• [Work instructions]: Within the entries below, find the portion that opens with the line containing "2011年最新北京各大学的学生宿舍数量统计表" and closes with the line containing "Huoltotyönaikaveloitushintana on käytetty". Retype that portion exactly and only.

• [Records]:

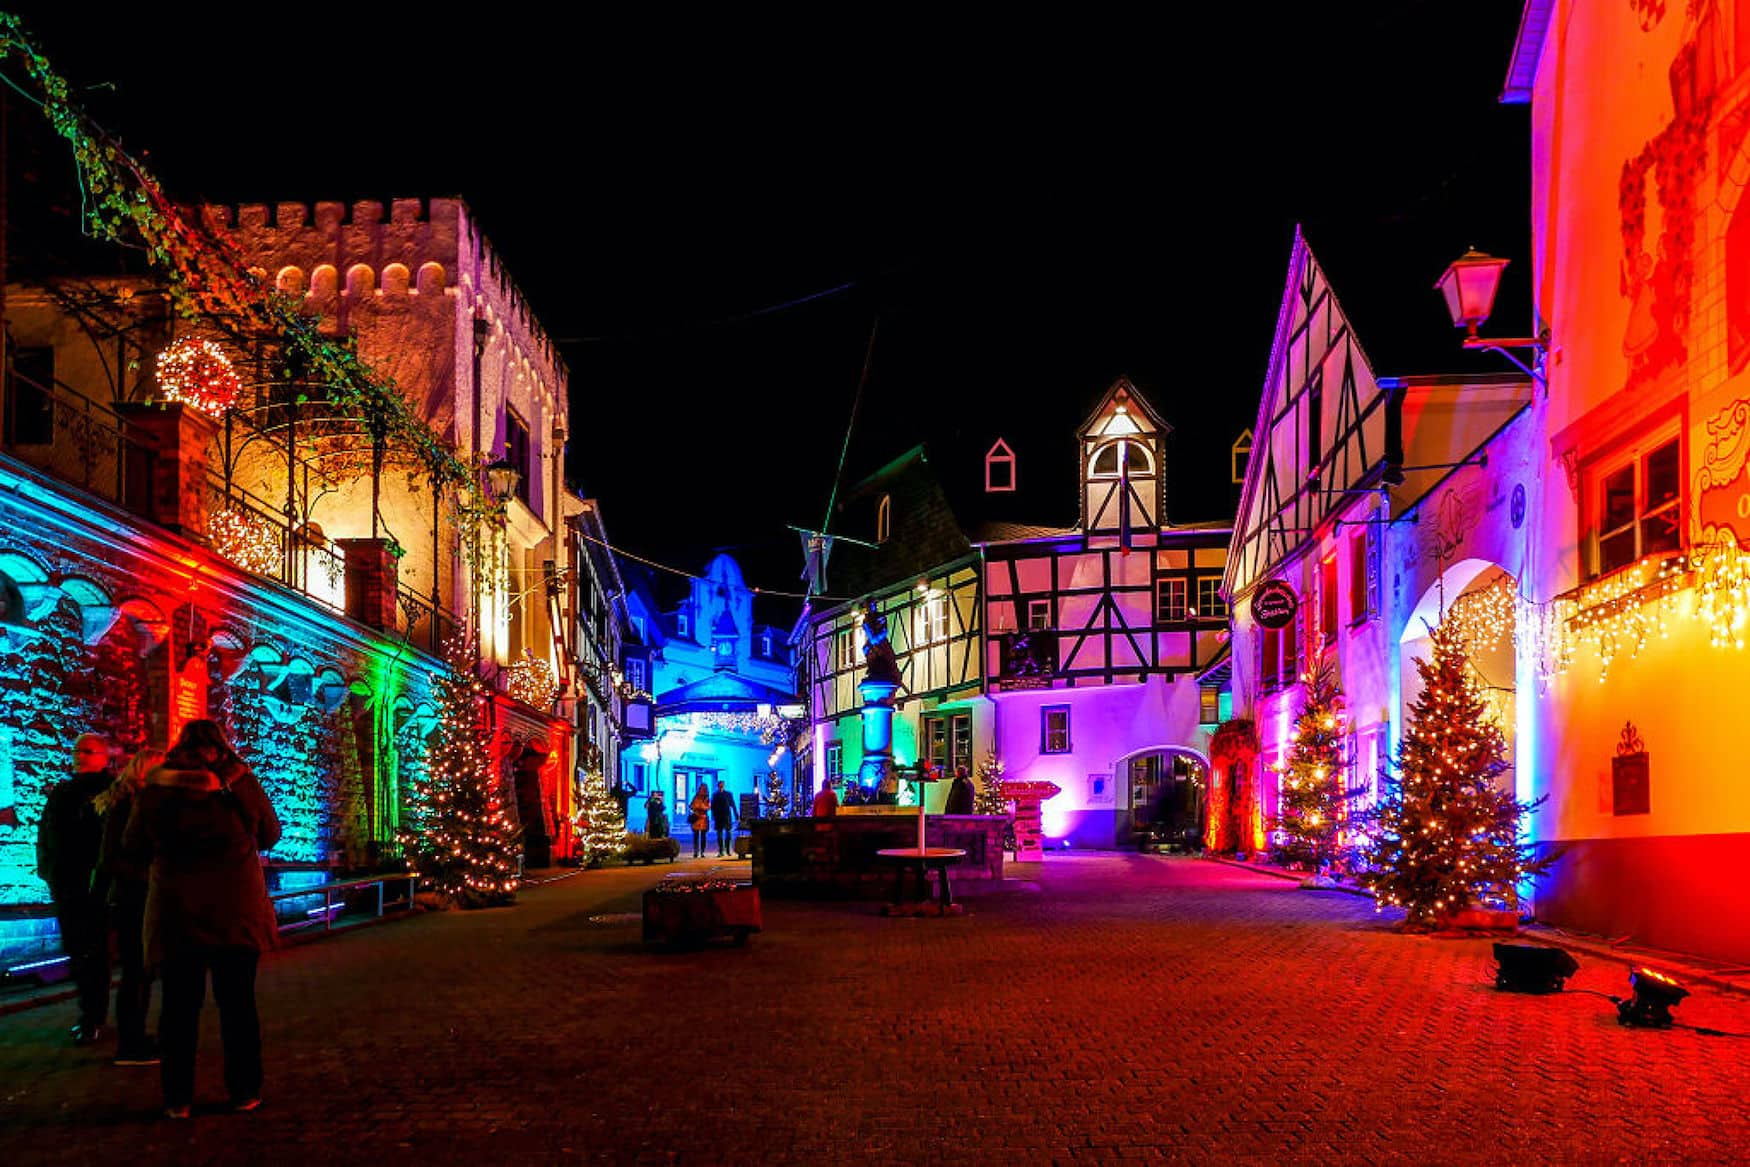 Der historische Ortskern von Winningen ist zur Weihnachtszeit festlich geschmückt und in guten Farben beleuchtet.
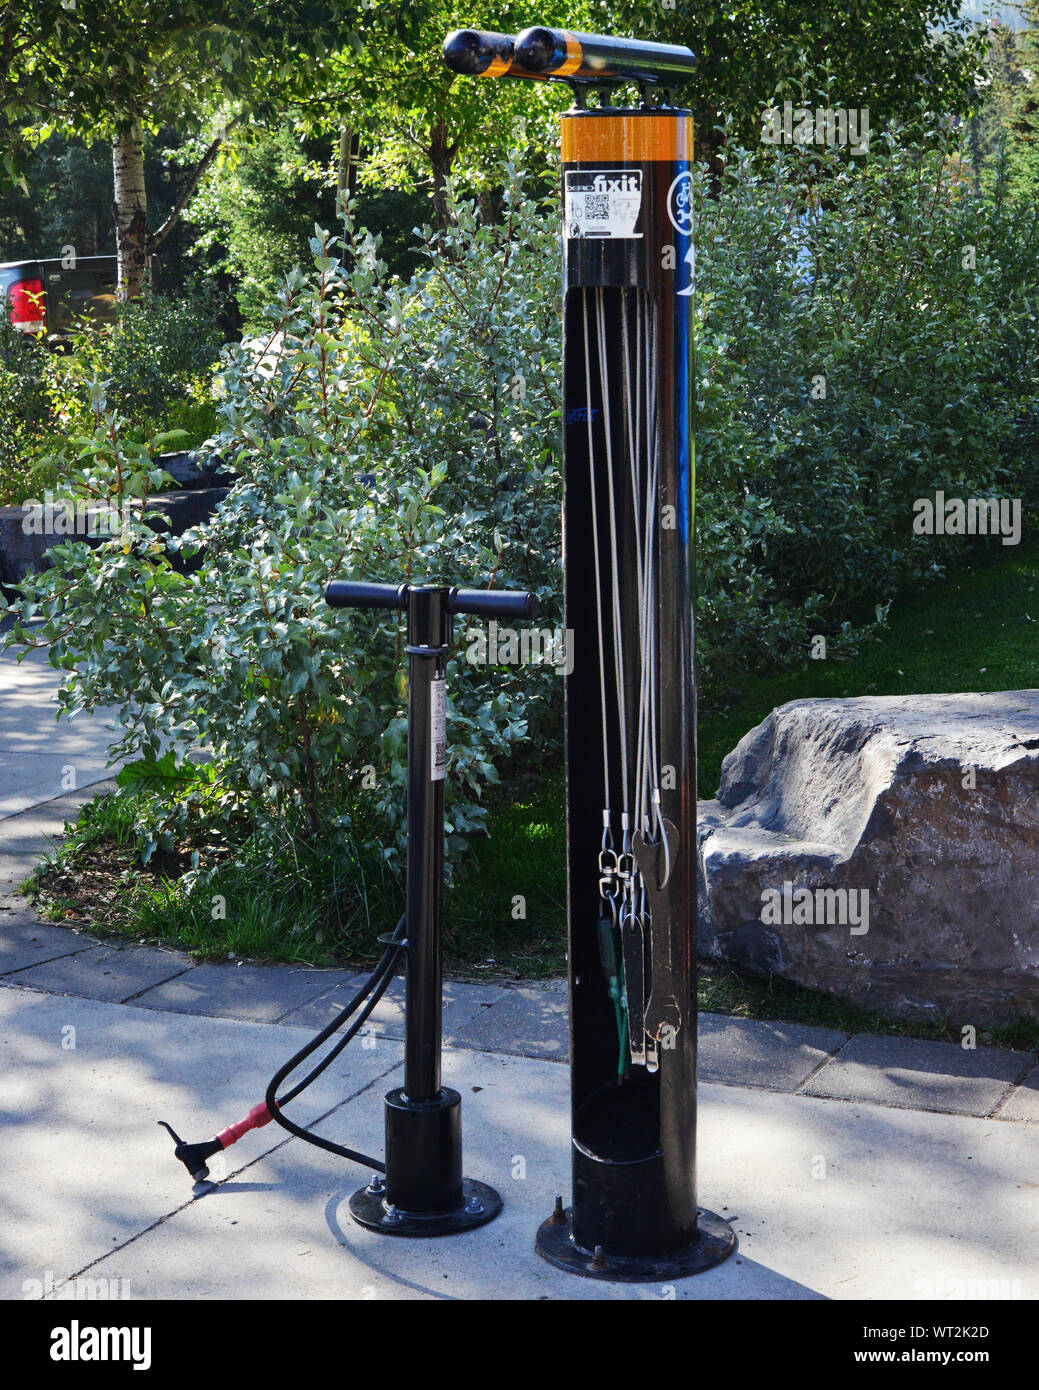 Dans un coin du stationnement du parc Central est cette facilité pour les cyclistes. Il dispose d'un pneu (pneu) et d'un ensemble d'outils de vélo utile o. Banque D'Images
==
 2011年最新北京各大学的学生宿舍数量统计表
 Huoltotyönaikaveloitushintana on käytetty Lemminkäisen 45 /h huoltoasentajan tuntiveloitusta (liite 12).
* * *
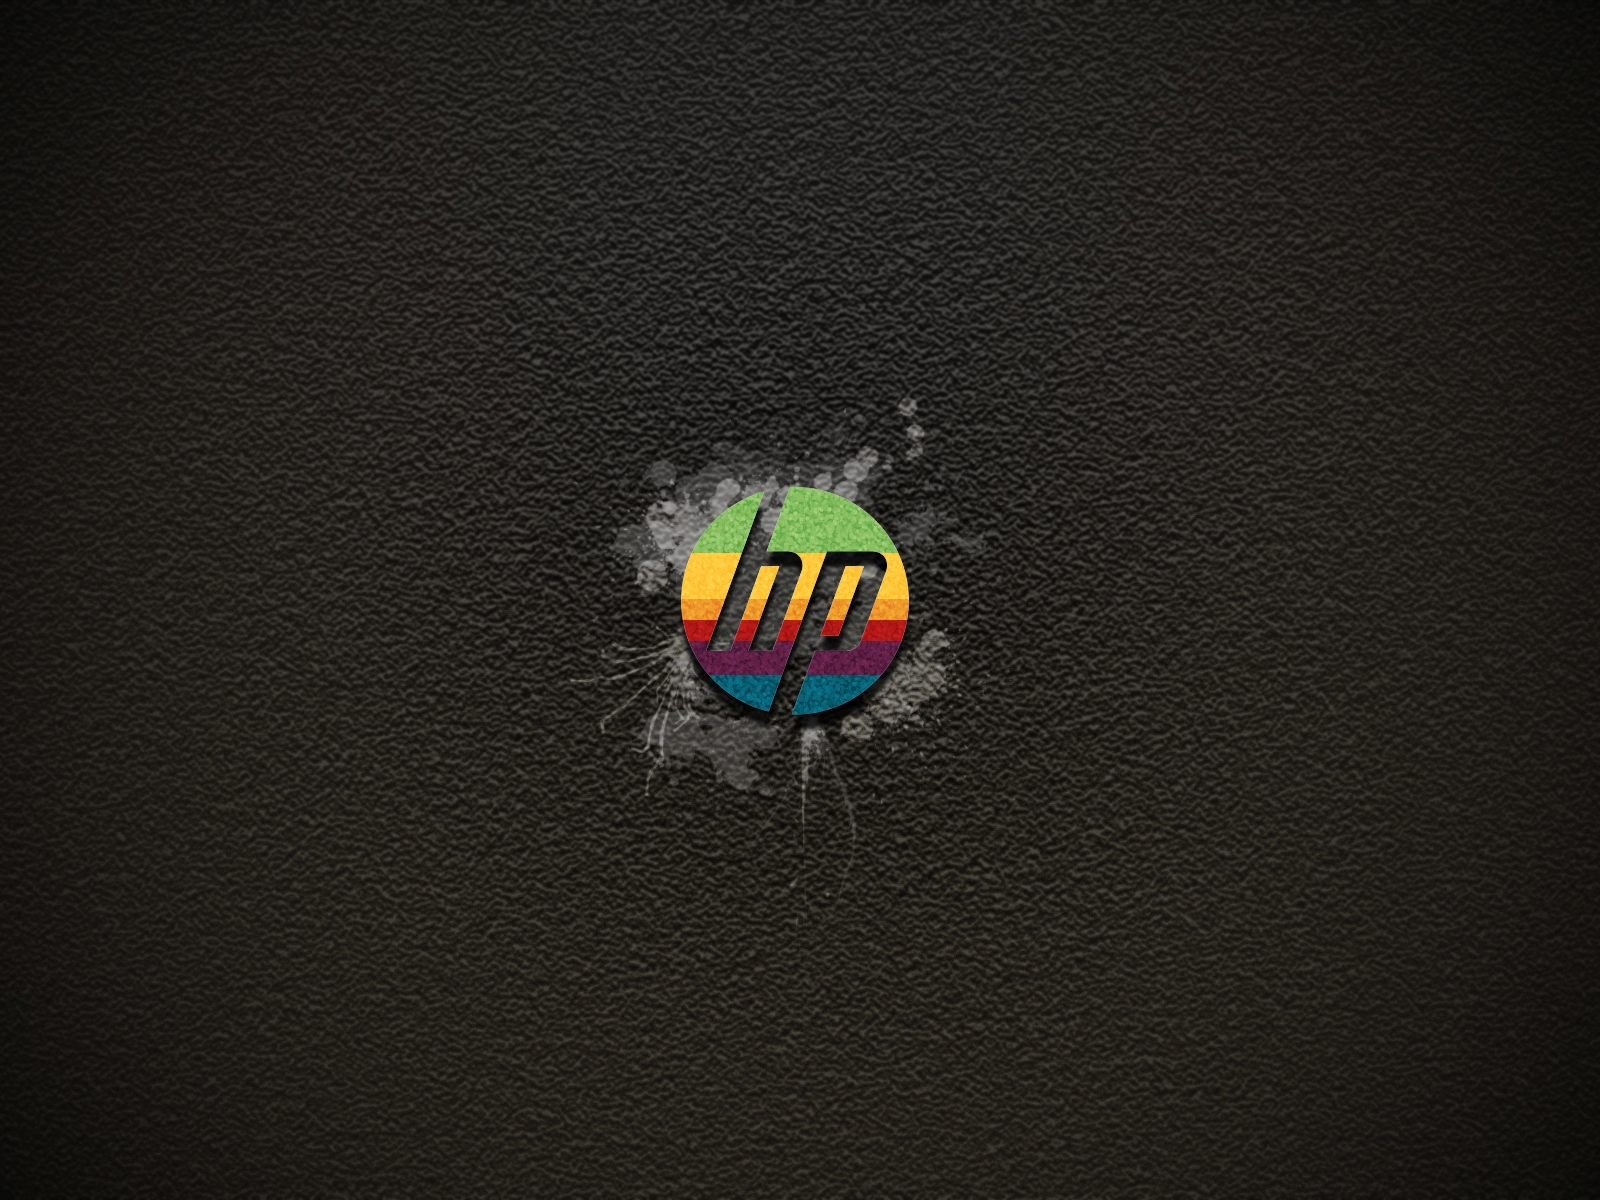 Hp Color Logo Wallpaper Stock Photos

• [Solution]:
 2011年最新北京各大学的学生宿舍数量统计表
 Huoltotyönaikaveloitushintana on käytetty Lemminkäisen 45 /h huoltoasentajan tuntiveloitusta (liite 12).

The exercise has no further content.